**What is being asked:**
Nothing but an exact copy is wanted here: the line with "etc racing bmw" and all the lines that follow it in the entries below.
Segment Start: Supplied data
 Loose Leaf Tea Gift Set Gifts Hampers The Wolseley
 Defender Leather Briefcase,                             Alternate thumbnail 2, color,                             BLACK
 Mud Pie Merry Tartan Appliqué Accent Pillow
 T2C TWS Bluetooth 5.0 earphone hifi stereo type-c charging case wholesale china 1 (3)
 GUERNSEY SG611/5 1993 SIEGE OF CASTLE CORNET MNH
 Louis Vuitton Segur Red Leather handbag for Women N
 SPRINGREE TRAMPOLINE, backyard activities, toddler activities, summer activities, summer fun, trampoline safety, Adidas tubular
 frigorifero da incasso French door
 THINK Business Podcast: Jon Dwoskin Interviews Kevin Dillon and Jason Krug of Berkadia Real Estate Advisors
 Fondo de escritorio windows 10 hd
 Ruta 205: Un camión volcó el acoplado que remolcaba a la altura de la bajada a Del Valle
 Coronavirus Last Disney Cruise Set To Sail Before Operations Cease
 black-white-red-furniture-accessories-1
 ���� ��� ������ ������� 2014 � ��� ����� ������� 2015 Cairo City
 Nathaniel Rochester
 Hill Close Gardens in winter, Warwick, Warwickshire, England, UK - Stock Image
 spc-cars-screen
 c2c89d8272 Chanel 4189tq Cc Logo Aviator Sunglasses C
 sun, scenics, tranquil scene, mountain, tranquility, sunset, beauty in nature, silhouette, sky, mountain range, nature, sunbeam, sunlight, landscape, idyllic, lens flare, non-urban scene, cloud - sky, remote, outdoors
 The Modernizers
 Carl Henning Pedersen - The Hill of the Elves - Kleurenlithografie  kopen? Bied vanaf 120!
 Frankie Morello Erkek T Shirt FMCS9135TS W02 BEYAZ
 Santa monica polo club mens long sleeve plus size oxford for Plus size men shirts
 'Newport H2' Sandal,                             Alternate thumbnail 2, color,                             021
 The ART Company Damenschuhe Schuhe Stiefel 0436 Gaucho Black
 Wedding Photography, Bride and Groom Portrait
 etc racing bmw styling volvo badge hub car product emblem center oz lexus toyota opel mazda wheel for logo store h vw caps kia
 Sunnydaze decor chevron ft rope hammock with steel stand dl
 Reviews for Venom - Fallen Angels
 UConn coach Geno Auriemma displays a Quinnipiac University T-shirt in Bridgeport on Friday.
Segment End: Supplied data
**Answer box:**
 etc racing bmw styling volvo badge hub car product emblem center oz lexus toyota opel mazda wheel for logo store h vw caps kia
 Sunnydaze decor chevron ft rope hammock with steel stand dl
 Reviews for Venom - Fallen Angels
 UConn coach Geno Auriemma displays a Quinnipiac University T-shirt in Bridgeport on Friday.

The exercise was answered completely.